Exercise: Repeat nothing but the lines below running from the one containing "google wallpaper für" to the one containing "Kyoukai Senjou no". Keep both end lines.

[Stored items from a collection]
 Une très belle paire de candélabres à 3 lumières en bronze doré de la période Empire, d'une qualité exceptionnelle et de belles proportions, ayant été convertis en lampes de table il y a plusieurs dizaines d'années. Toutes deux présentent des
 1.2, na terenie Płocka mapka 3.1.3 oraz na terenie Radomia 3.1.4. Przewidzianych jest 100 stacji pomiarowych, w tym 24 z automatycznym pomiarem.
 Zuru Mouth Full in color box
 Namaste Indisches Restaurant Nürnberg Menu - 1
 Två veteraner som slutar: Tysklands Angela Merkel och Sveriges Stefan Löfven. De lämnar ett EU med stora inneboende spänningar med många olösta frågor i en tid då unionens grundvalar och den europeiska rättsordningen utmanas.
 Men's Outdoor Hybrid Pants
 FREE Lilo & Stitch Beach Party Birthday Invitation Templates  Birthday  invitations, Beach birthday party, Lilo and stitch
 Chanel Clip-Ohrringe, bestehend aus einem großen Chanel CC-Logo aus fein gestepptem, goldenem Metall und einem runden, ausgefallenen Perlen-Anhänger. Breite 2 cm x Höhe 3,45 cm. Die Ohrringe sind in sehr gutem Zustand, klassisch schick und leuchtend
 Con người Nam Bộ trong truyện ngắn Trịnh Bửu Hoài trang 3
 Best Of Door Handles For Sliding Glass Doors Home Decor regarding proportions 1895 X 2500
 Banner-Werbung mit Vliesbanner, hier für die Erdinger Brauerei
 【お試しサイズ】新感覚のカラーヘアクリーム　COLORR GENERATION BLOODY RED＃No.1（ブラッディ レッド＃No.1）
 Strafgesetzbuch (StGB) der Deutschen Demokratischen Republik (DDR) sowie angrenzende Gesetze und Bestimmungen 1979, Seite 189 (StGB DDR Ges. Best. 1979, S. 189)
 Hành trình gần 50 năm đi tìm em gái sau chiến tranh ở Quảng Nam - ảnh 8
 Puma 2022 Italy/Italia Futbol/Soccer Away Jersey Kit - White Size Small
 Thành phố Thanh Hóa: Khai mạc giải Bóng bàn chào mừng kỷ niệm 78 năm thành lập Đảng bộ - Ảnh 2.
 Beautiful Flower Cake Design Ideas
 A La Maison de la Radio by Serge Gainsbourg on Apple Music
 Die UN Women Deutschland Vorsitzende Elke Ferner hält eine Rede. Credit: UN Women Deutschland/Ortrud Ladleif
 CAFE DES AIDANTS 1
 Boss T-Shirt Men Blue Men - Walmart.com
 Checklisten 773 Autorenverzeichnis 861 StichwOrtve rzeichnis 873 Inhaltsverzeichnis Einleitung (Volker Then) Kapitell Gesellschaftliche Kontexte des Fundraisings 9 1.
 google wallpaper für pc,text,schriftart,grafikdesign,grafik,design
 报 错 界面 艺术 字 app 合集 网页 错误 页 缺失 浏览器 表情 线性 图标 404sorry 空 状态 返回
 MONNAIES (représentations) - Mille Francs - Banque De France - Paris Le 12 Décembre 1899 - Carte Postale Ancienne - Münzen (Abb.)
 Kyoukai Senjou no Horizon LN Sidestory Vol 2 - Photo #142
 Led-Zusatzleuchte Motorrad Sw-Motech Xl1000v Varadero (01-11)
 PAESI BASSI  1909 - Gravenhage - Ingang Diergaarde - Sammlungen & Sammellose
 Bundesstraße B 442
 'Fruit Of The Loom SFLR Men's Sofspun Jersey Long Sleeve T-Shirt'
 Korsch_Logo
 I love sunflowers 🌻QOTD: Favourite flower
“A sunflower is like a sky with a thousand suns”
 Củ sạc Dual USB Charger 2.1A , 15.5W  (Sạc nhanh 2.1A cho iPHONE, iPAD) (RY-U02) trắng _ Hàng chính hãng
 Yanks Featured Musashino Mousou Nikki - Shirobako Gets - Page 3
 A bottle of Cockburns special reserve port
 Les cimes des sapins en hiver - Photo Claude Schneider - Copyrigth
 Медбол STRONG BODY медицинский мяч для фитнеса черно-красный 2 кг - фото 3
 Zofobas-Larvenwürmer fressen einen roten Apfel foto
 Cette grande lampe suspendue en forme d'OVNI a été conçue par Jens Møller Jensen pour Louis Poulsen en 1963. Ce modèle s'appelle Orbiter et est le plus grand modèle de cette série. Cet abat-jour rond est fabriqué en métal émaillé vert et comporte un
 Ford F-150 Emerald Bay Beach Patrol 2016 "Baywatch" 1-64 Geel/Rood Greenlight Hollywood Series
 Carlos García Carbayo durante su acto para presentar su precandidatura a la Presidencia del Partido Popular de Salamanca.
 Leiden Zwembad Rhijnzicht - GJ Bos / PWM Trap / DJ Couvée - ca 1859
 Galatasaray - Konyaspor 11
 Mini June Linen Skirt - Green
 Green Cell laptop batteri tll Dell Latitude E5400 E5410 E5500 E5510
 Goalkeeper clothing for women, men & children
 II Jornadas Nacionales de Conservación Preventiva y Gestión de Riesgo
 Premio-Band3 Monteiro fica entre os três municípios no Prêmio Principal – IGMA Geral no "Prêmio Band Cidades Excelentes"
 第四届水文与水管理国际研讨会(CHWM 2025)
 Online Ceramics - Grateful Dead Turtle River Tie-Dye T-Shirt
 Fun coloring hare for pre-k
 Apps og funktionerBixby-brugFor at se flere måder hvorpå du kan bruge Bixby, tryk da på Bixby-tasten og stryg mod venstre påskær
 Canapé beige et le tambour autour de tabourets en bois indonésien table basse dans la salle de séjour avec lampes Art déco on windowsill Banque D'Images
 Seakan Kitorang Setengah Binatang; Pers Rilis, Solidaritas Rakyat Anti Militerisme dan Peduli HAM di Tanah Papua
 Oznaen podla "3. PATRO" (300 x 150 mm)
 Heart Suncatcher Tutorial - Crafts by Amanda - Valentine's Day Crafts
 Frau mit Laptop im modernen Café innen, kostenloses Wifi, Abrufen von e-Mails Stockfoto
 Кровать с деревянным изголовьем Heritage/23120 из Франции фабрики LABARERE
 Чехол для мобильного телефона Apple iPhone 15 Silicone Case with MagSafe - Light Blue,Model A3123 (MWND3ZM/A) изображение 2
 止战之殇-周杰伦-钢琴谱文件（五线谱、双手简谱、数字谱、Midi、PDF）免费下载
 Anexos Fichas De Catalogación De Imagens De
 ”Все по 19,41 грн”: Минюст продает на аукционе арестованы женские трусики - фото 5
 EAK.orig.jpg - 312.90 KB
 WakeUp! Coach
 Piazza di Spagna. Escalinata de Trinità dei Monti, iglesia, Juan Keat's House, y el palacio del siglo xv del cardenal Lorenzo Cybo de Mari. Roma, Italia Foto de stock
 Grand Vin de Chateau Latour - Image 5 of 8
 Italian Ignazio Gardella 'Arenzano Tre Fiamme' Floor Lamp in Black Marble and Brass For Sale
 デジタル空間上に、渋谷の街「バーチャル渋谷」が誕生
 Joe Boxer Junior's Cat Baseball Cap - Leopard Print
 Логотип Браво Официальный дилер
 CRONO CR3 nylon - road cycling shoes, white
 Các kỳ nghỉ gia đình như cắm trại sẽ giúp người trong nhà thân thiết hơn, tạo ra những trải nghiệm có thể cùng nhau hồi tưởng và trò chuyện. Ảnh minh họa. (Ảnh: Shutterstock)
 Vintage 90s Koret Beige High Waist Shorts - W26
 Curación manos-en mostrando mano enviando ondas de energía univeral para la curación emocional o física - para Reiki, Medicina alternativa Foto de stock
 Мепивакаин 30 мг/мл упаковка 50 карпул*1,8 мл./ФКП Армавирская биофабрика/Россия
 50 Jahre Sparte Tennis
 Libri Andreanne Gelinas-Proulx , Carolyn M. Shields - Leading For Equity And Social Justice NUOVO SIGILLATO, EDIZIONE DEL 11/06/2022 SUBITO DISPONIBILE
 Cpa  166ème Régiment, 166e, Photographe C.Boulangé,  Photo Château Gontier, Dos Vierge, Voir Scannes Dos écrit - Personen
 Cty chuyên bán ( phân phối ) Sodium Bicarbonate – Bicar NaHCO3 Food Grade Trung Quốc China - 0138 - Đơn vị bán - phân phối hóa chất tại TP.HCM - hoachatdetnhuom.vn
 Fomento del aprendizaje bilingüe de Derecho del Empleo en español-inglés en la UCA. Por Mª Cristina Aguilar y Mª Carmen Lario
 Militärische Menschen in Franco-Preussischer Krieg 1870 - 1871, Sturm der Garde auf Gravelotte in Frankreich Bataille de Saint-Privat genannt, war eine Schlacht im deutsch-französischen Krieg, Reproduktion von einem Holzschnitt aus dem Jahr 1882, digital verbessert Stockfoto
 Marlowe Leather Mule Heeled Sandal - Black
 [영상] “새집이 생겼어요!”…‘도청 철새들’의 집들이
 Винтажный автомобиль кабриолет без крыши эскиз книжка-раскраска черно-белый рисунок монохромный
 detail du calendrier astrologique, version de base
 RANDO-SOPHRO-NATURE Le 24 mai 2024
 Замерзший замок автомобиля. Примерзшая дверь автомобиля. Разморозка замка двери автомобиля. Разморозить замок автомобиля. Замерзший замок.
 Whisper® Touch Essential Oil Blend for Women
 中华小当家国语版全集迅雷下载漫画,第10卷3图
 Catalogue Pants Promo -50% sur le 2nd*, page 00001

Solution to this task:
 google wallpaper für pc,text,schriftart,grafikdesign,grafik,design
 报 错 界面 艺术 字 app 合集 网页 错误 页 缺失 浏览器 表情 线性 图标 404sorry 空 状态 返回
 MONNAIES (représentations) - Mille Francs - Banque De France - Paris Le 12 Décembre 1899 - Carte Postale Ancienne - Münzen (Abb.)
 Kyoukai Senjou no Horizon LN Sidestory Vol 2 - Photo #142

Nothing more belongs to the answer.